A note on \'etale $(\varphi,\Gamma)$-modules in families

TL;DR

This paper establishes an equivalence between prismatic $(\Lambda,F)$-crystals and $\Lambda$-étale local systems on the generic fiber of a formal scheme, connecting prismatic cohomology with pro-étale cohomology and Galois representations.

Contribution

It introduces a new equivalence between prismatic crystals and étale local systems, and links prismatic cohomology with Iwasawa cohomology and Galois representations.

Findings

Equivalence between prismatic $(\Lambda,F)$-crystals and étale local systems.

Recovery of pro-étale cohomology from prismatic cohomology.

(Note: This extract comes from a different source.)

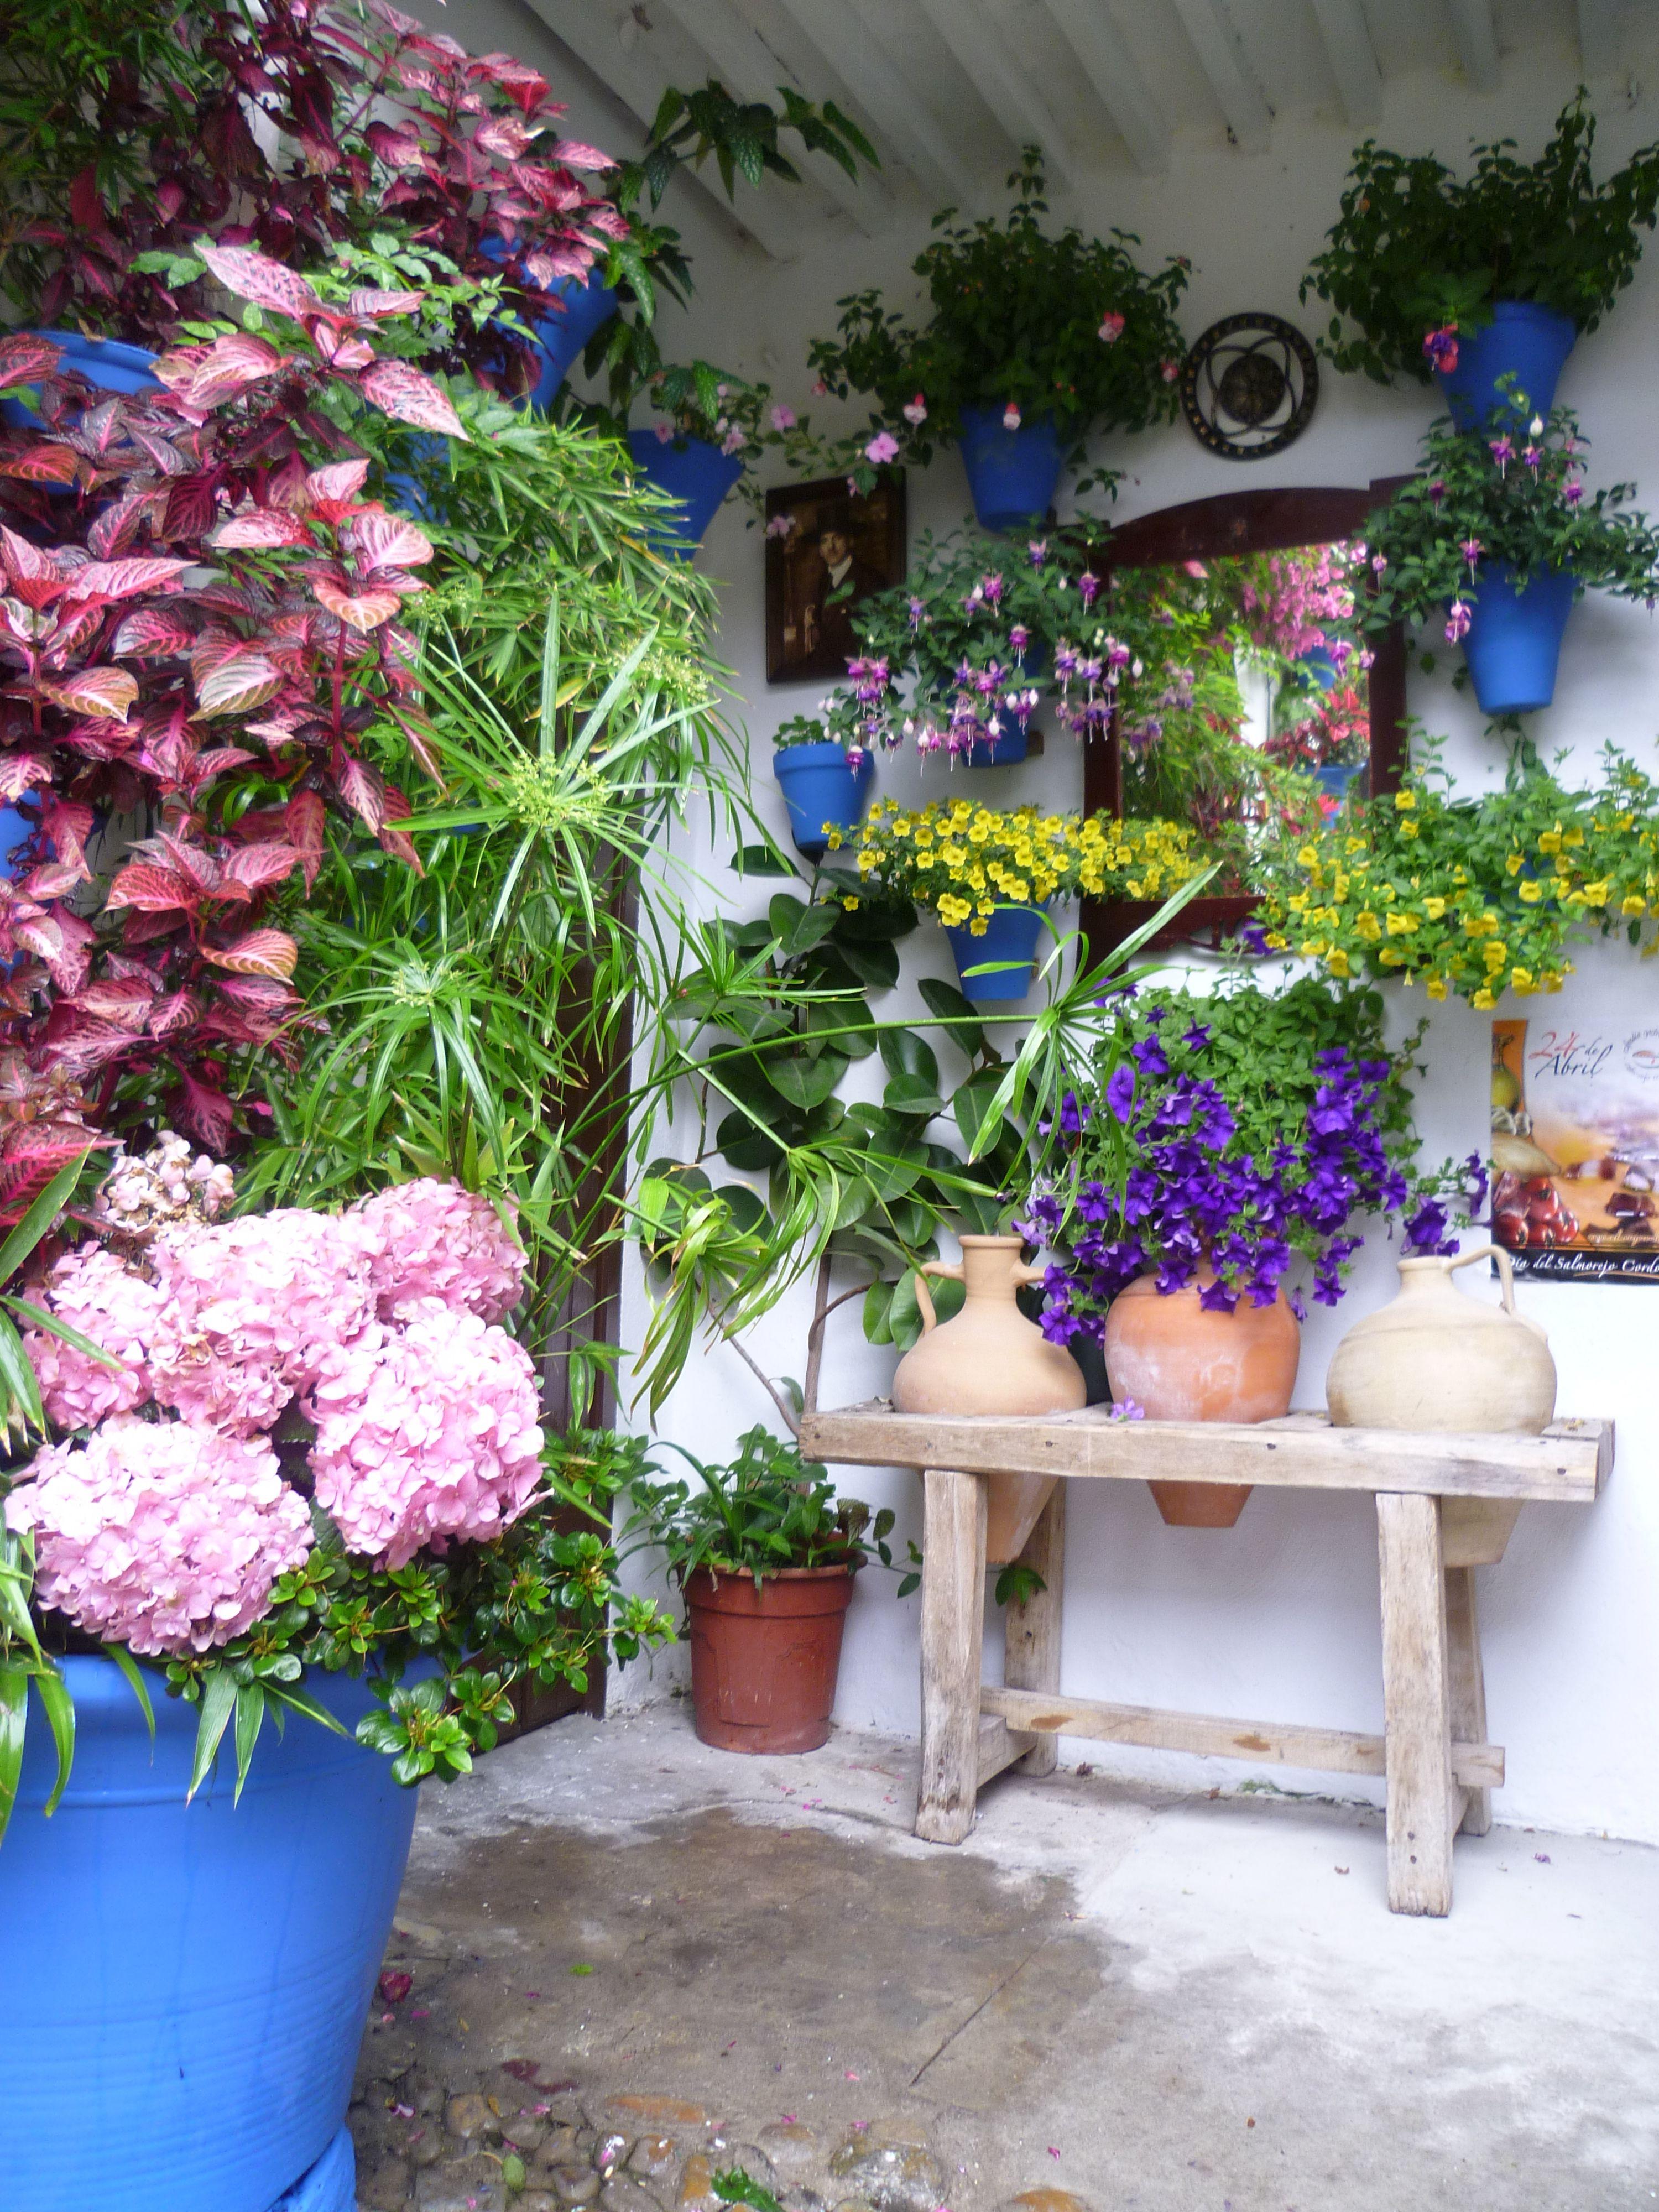 Los Patios Cordobeses Blue Flowering Plants Unique Gardens Planting Flowers

Reproof of Dee's classical Galois representation equivalence.

Abstract

Let $\Lambda$ be a complete noetherian local ring with finite residue field of characteristic $p$ and $K/\mathbb{Q}_p$ a $p$-adic field. We show that, by deformation of the structure sheaf on the (transversal) prismatic site of a bounded $p$-adic formal scheme $\mathfrak{X}$, the category of prismatic $(\Lambda,F)$-crystals on $\mathfrak{X}$ is equivalent to $\Lambda$-\'etale local systems on the generic adic fiber of $\mathfrak{X}$ and that the cohomology of $(\Lambda,F)$-crystals recovers the pro-\'etale cohomology of the corresponding local systems. The proof follows the strategy used in \cite{bhatt2023prismatic} and \cite{marks2023prismatic}. From this we construct an isomorphism between Iwasawa cohomology of a $p$-adic Lie extension of $K$ and prismatic cohomology. Following \cite{wu2021galois}, we then reprove Dee's classical result \cite{article} on the equivalence between families of Galois representations and \'etale $(\varphi,\Gamma)$-modules.